Material provided:
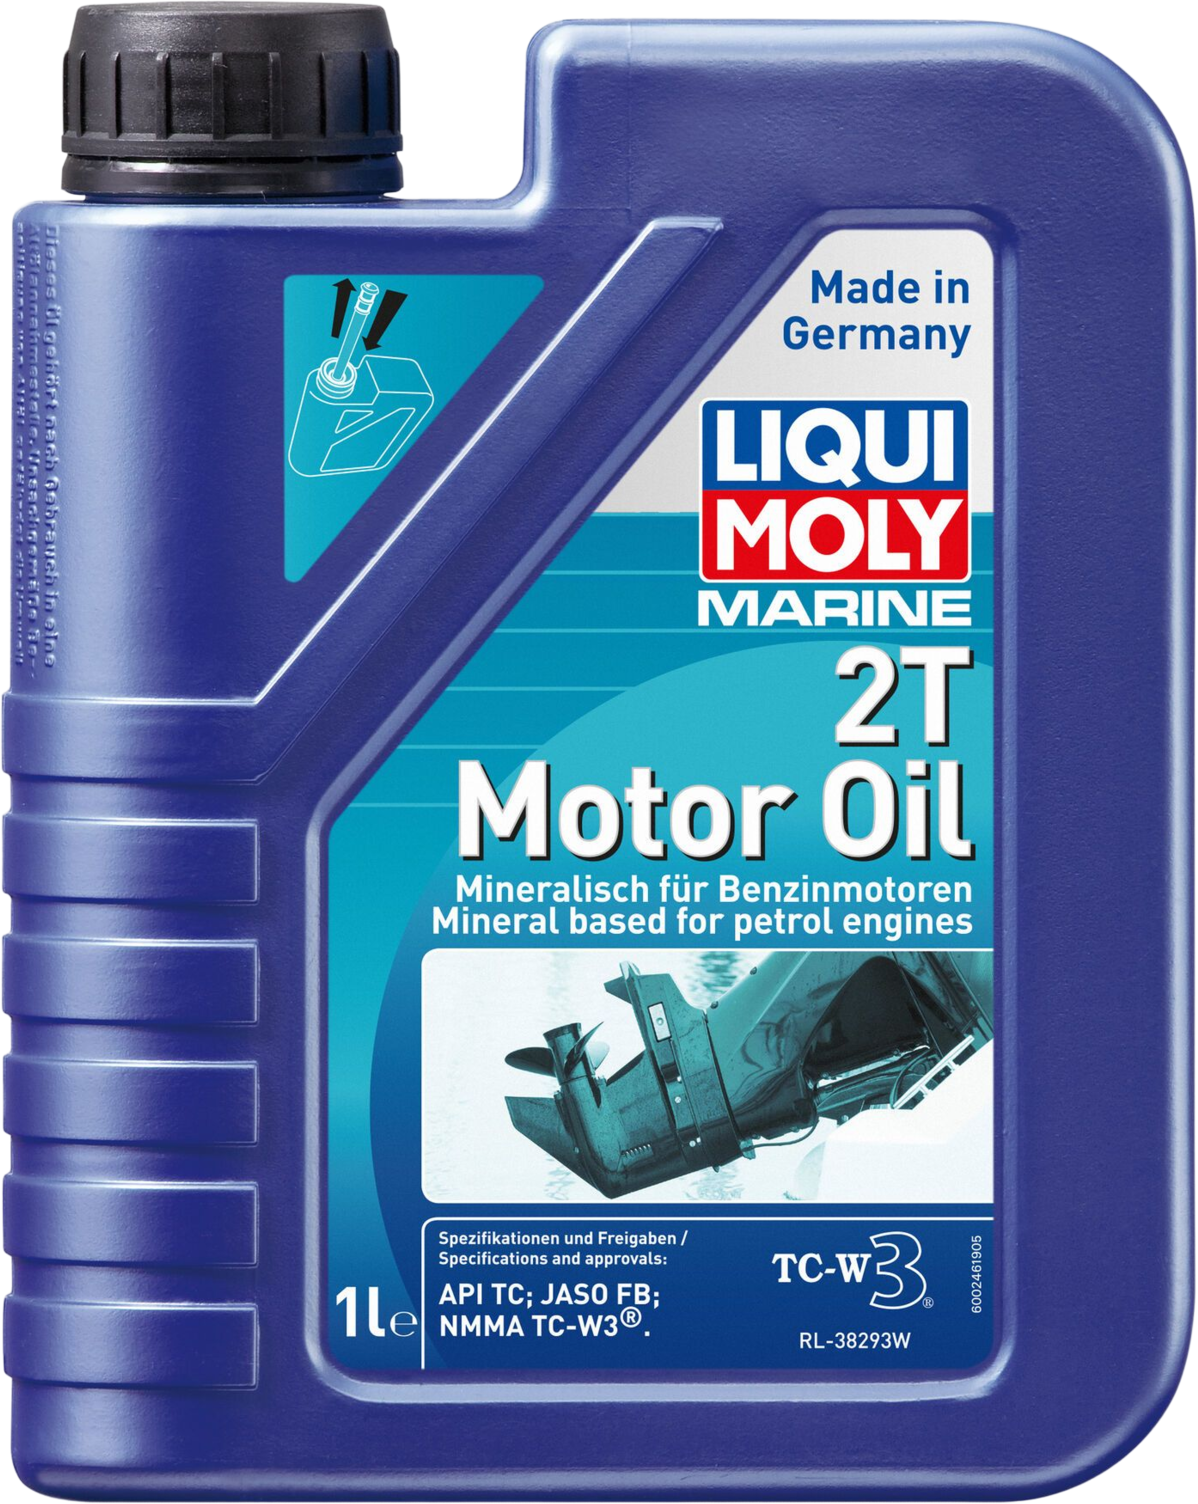 Liqui Moly Marine 2T Motor Oil, 1 lt
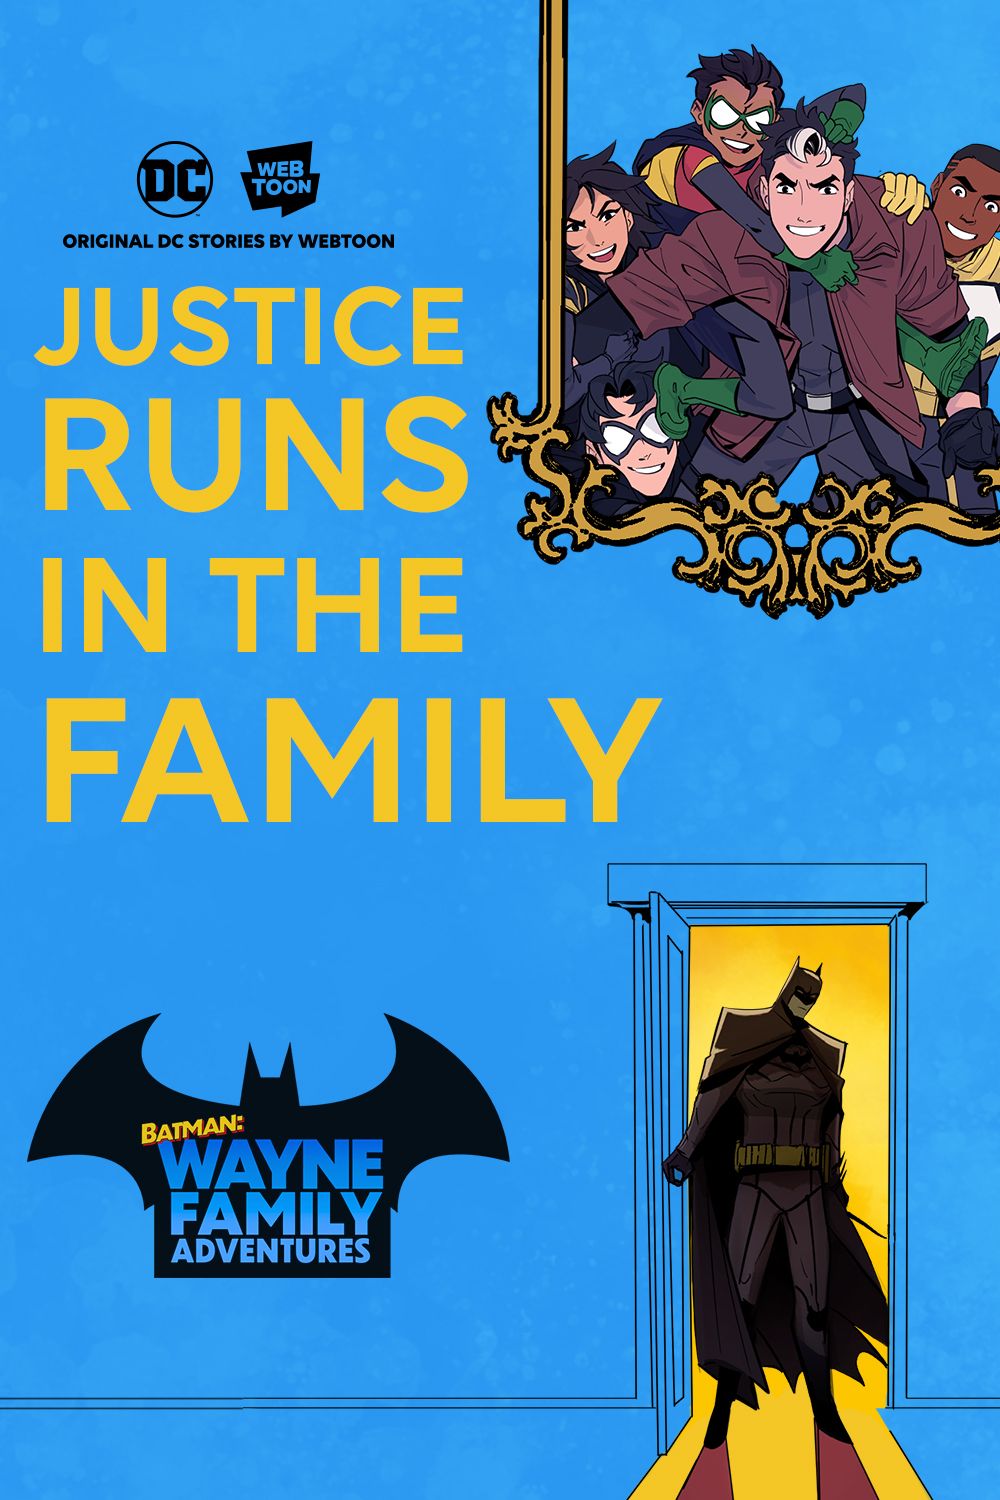 Batman: Wayne Family Adventures DC and Webtoon series
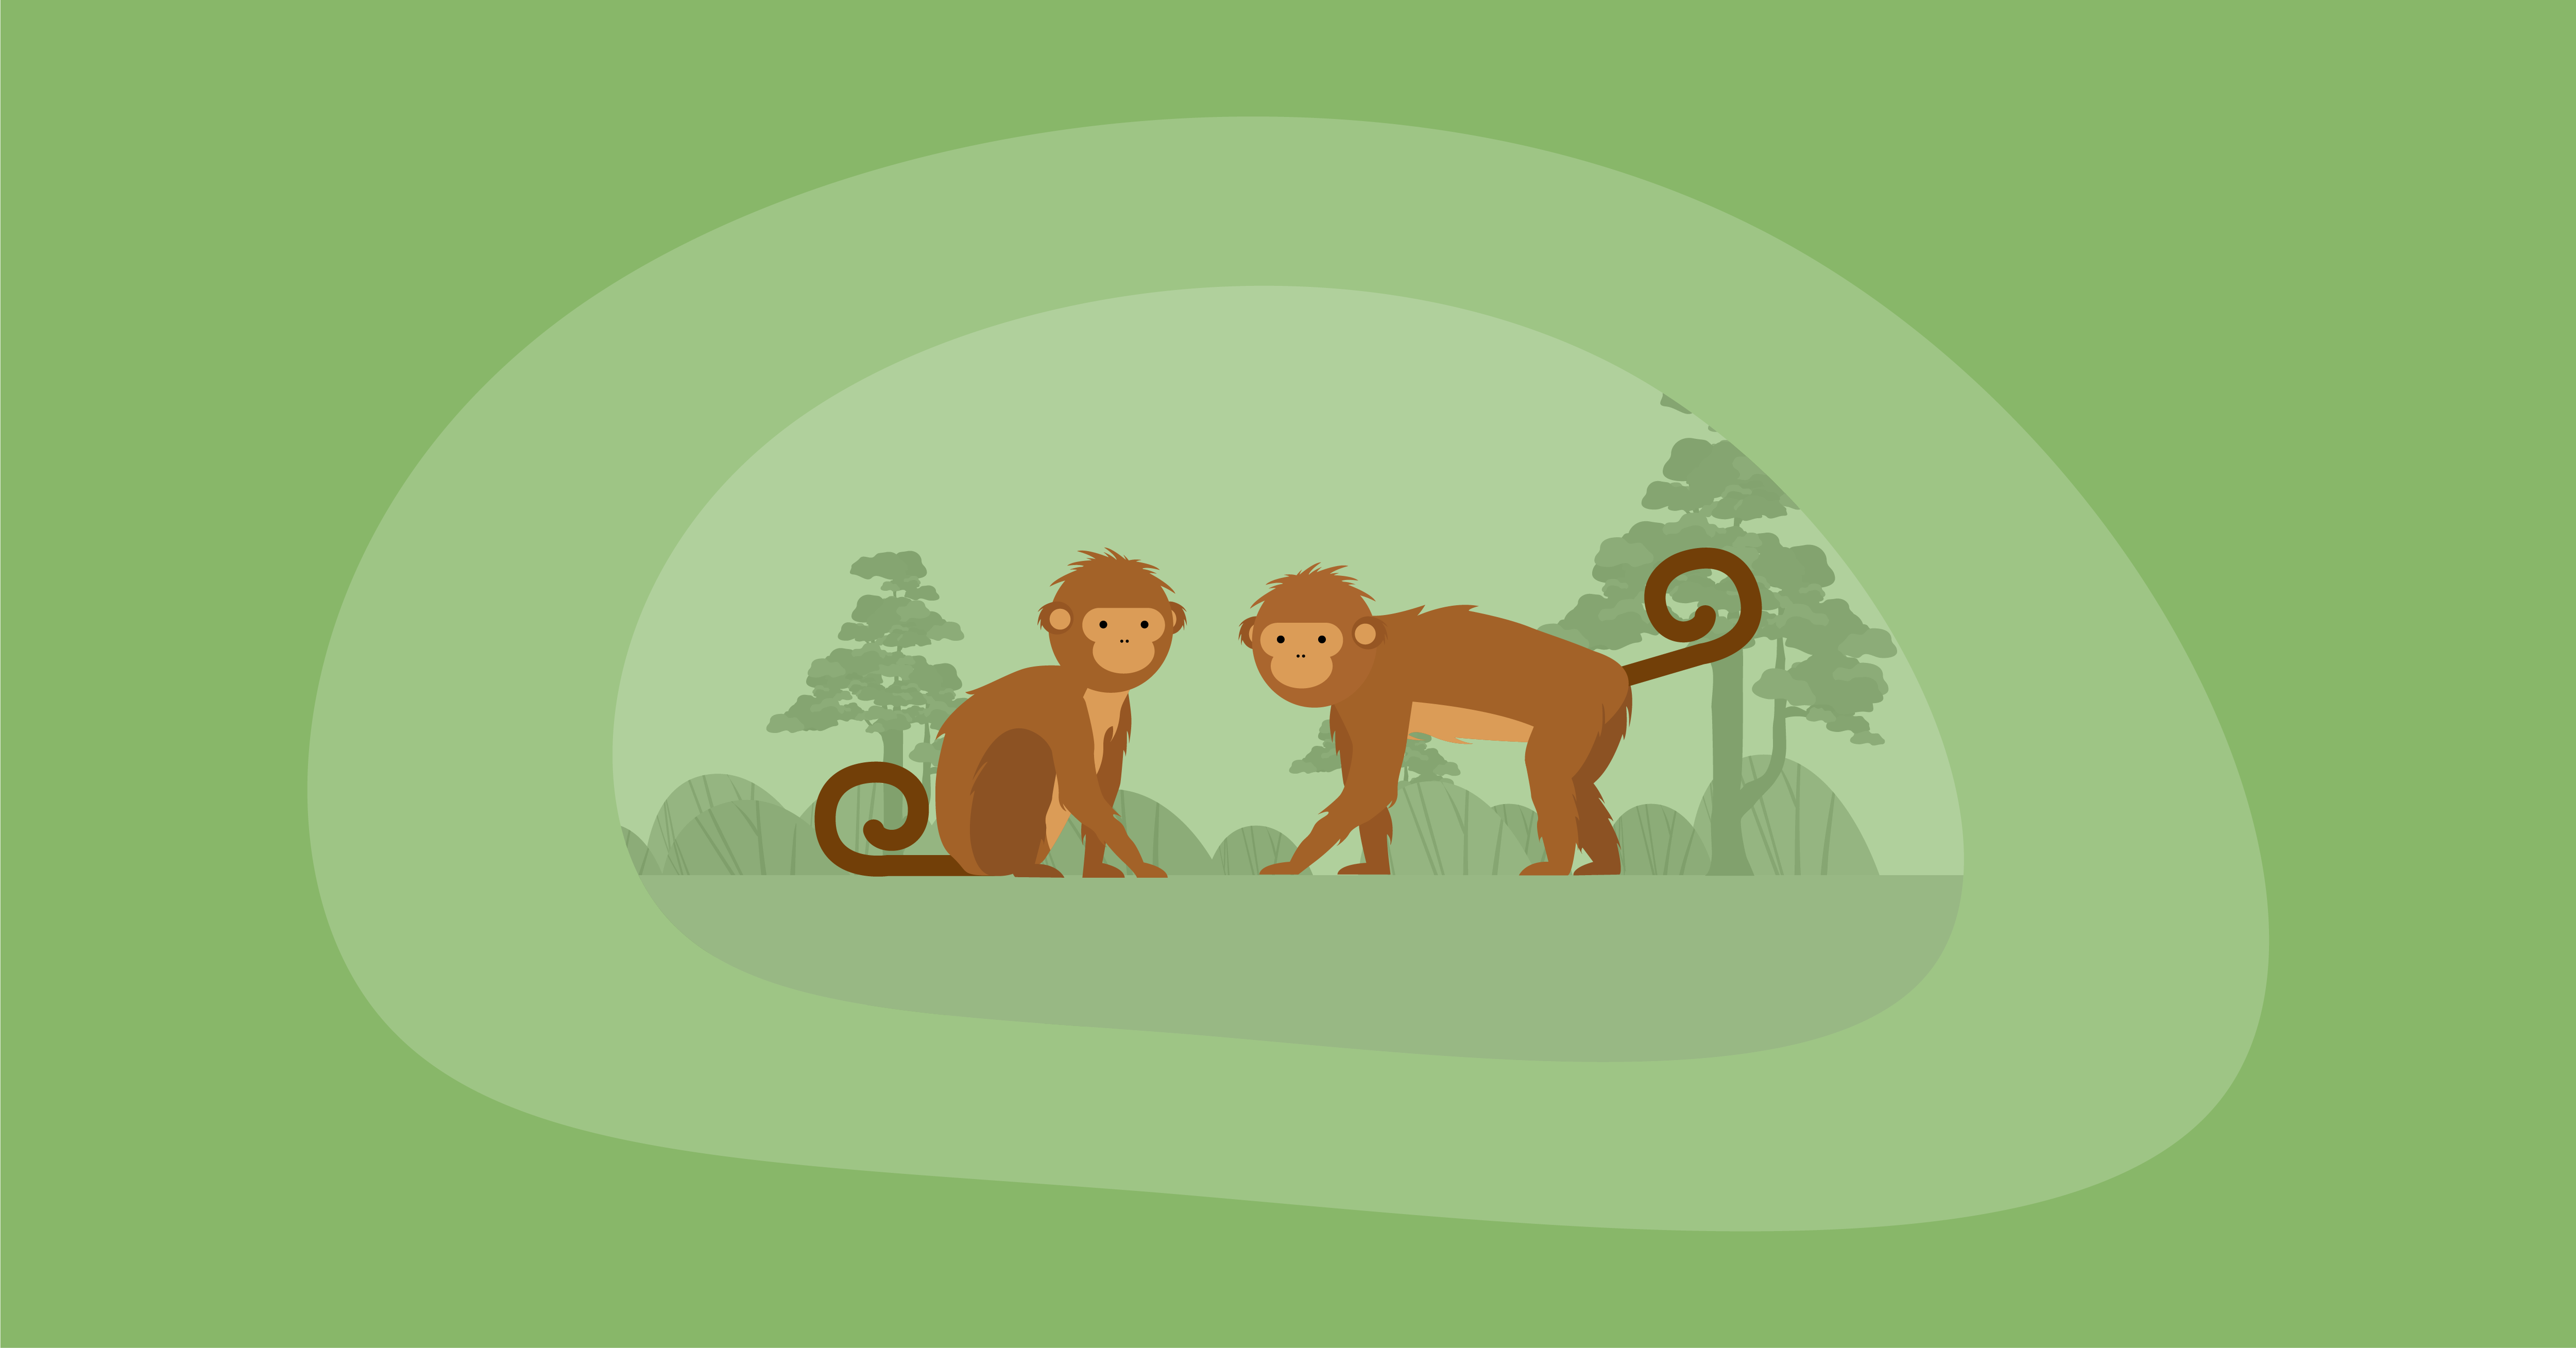 Illustration of monkeys
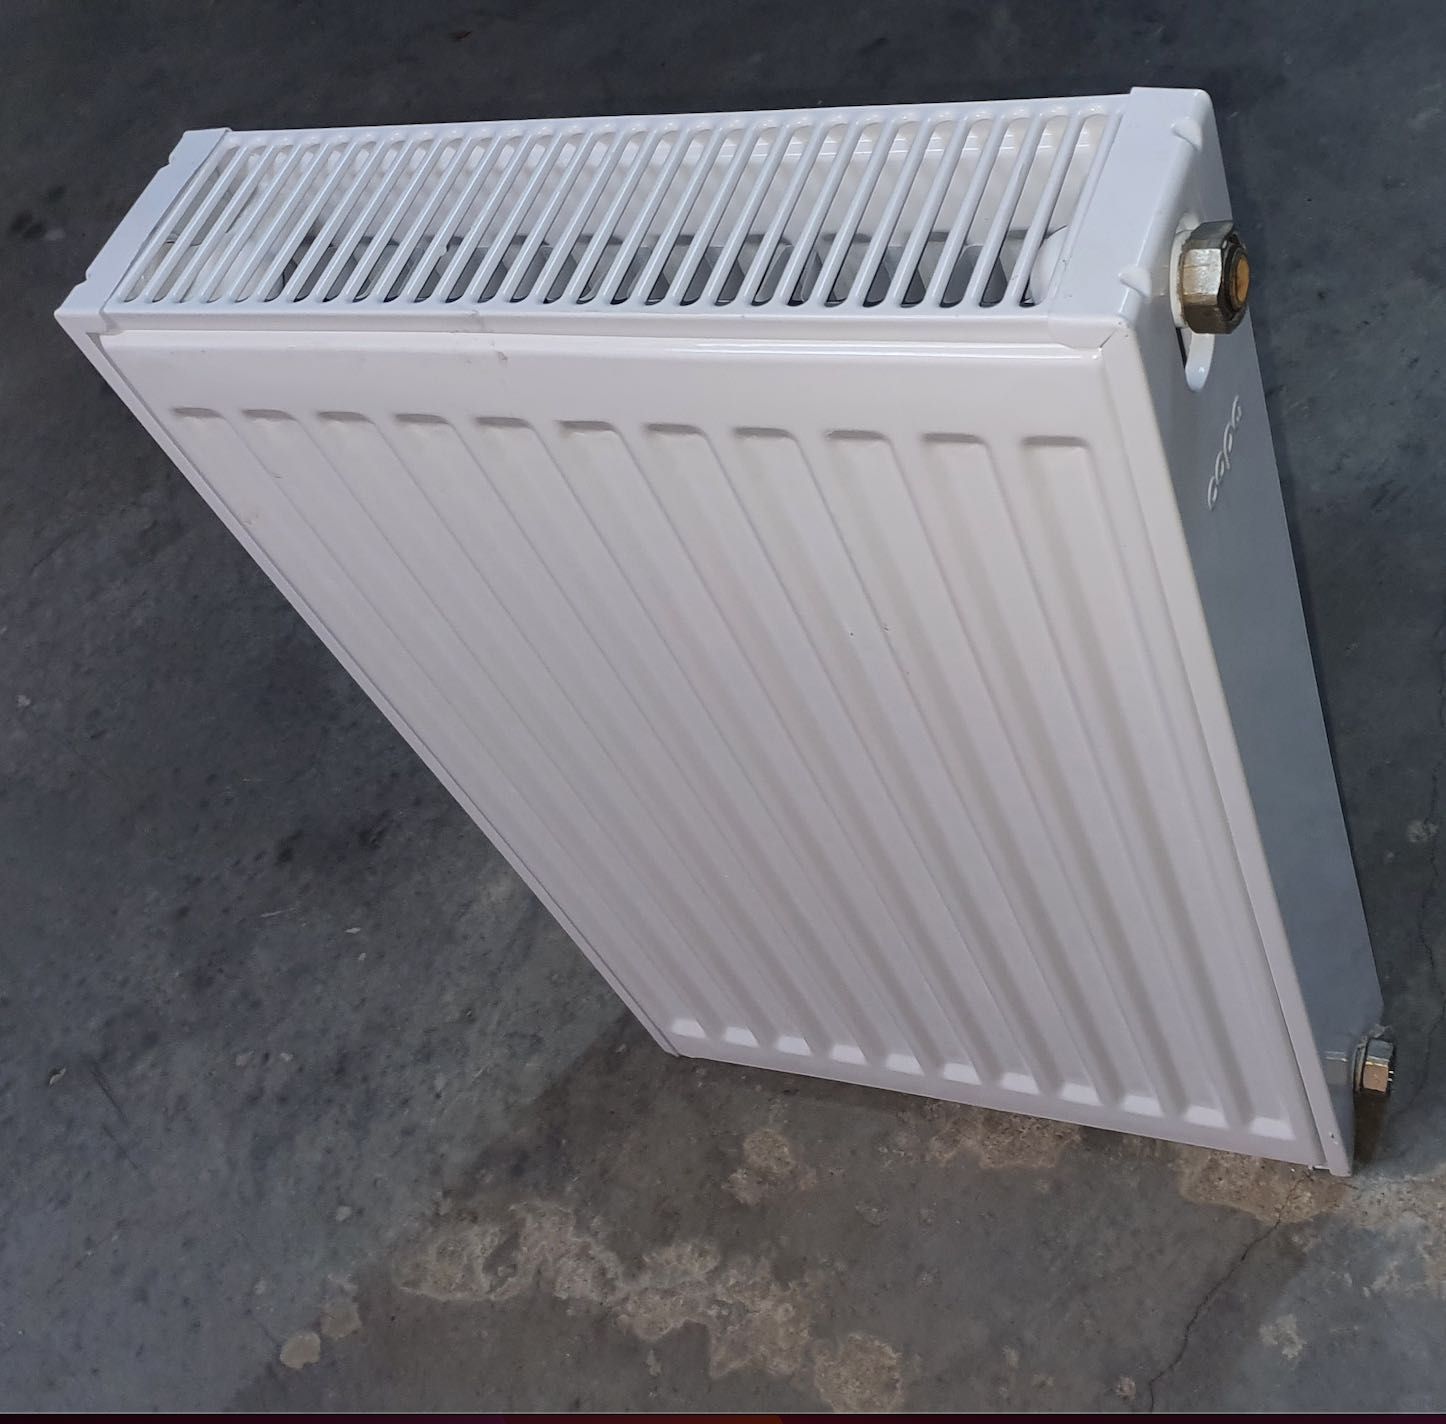 Calorifer / radiator Copa KONWEKS 600/400 mm (Hxl)

Required work: The task requires restating verbatim the lines from the one that holds "Batman: Wayne Family" through the end of the listing, both ends counted, and no pictures.

Solution for this task:
 Batman: Wayne Family Adventures DC and Webtoon series
 Illustration of monkeys
 Calorifer / radiator Copa KONWEKS 600/400 mm (Hxl)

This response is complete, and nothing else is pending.